Мы затеяли что-то очень опасное, думаю я. Пытаемся найти друг у друга уязвимые точки. Они могут оказаться минными полями, за которые я уже не отвечаю. Она там, в своей комнате скорби, ведет себя не пассивно. Она мечется по ней, пытаясь ее переделать. Переделать в комнату жизни. Эрик Холм был для нее этой жизнью. Новой жизнью, на которую у нее появилась надежда. Но он погиб. И остался только я. Меня удивляет, почему она выбрала меня. Потому что мы сталкиваемся друг с другом в одной и той же комнате скорби? Не многие скорбят по Ане. Скоро останемся только мы, ее мать и я.

Я думаю об Анином отце.
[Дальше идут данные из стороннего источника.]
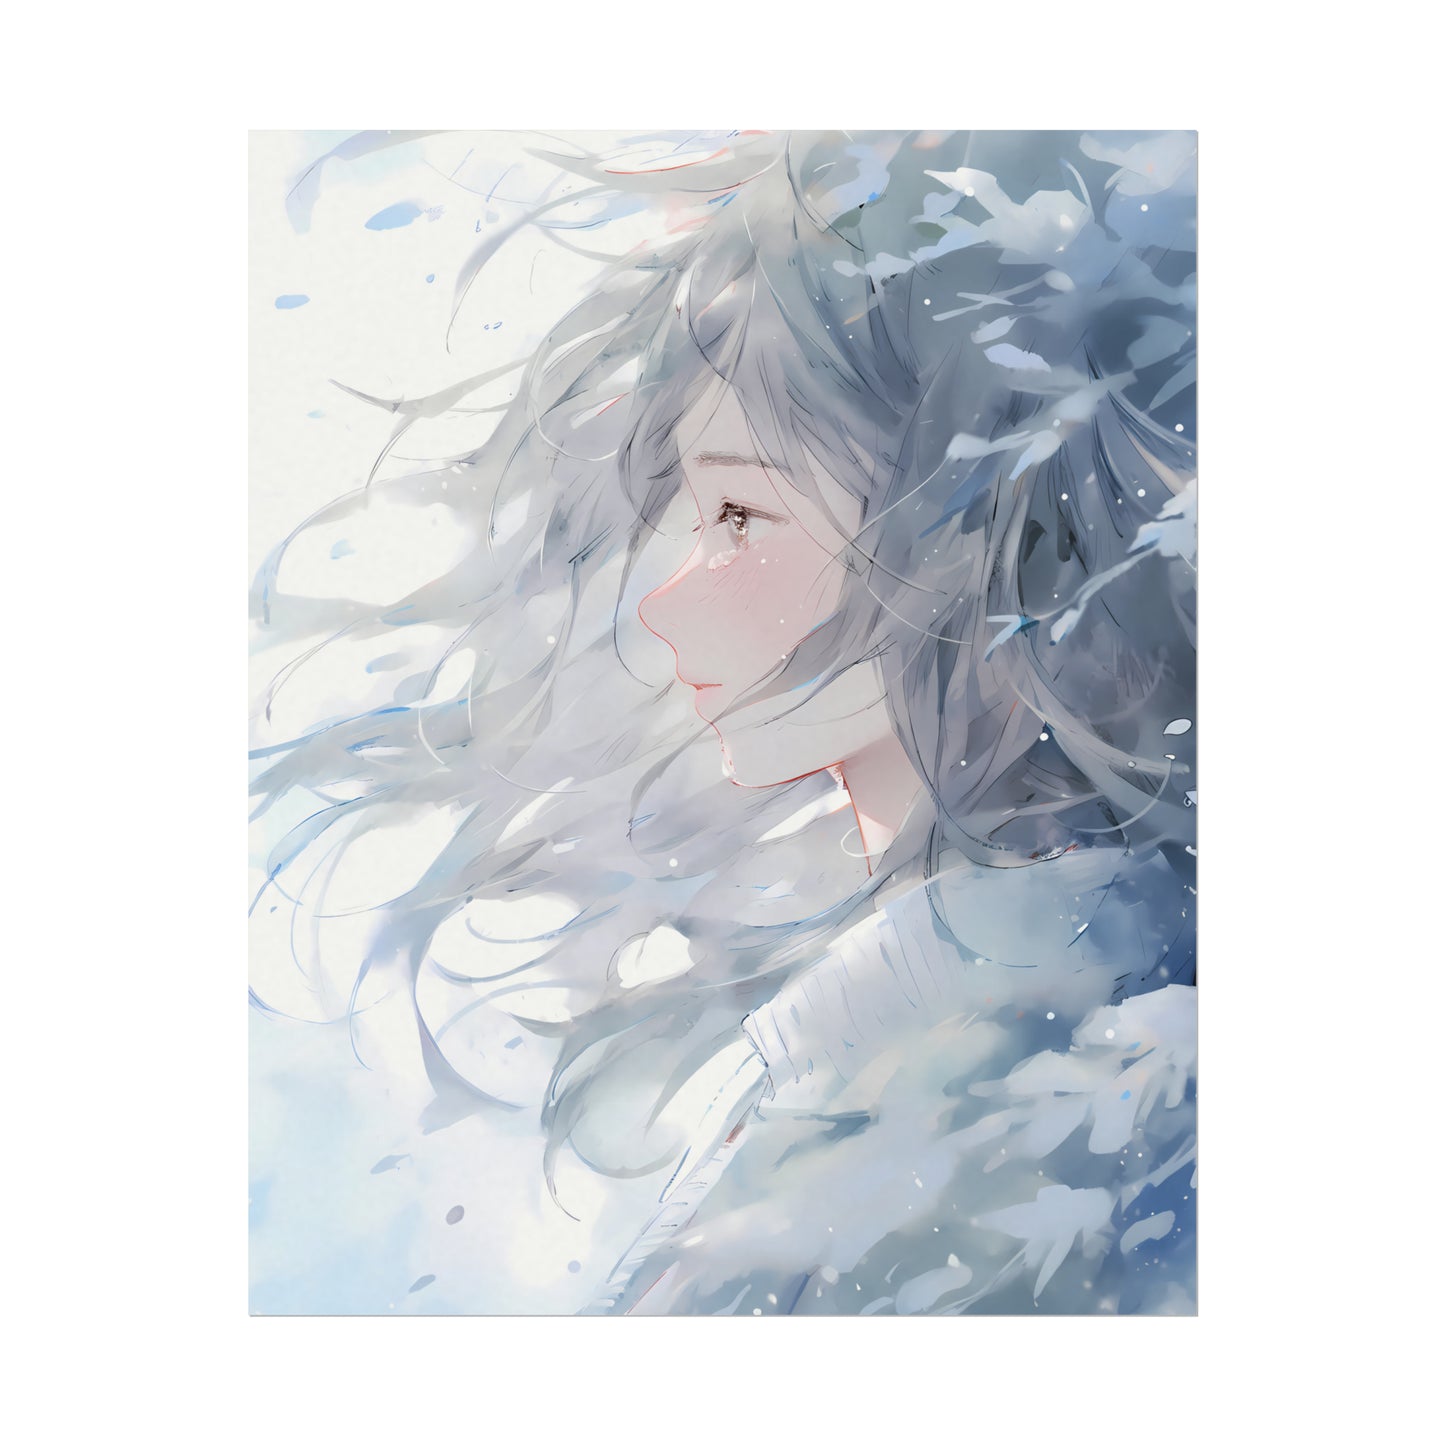 Fade Into Winter - Anime Watercolor Poster

О Бруре Скууге. Никак не могу забыть тот страшный сон. Пытаюсь продолжать занятия, перехожу к седьмой сонате Прокофьева, вколачиваю в рояль начальные октавы. Но дальше дело не идет. Я снова и снова повторяю эти октавы. Потом встаю, не понимая себя, не понимая, что меня тревожит. Назад пути нет. Я должен войти в комнату скорби, проникнуть в ее суть. В комнату самоубийства. Увидеть место преступления. То место, где Брур Скууг раздвоился на две личности — на жертву и палача. Когда-то мама сказала, что самоубийство — это трусость. Что в самоубийстве трусливого? — думаю я и пытаюсь проникнуть в чувства, владевшие Бруром Скуугом в последний день, в тот день, когда он понял, что Аня умирает, и ему захотелось опередить ее в этой очереди. Может, самоубийство означает, что человек берет на себя ответственность? Так же, как и освобождается от нее? Может, самоубийство — это обнажение человека перед Богом? Признание Творцу: я больше не могу быть человеком. Может, мама тоже совершила самоубийство, когда в тот раз позволила течению увлечь себя? Может, она почувствовала, более или менее осознала, что с нее хватит, что ее жизнь исчерпала себя, что скоро в доме она останется только вдвоем с отцом, что ей никогда не освободиться от чувства унижения, которое она испытывала при мысли о своих растраченных впустую возможностях. Что все остальное ей безразлично. Она пила вино. Может, она находилась в той стадии опьянения, когда человек чувствует в себе прилив смелости, когда человек решает, что разбить голову о камни водопада — это освобождение, и хочет сделать природу своим палачом?

С Бруром Скуугом все обстояло иначе. Он сам был палачом. И он же был жертвой. Он хотел уничтожить свой мир одним выстрелом. Беспредельная любовь к Ане. Поверхностная любовь ко всем своим достижениям. Страстная любовь к жене. Все исчезает в одну секунду! Какая соблазнительная мысль: с Бруром Скуугом покончено навсегда!

Из-за какого горя он не смог больше жить?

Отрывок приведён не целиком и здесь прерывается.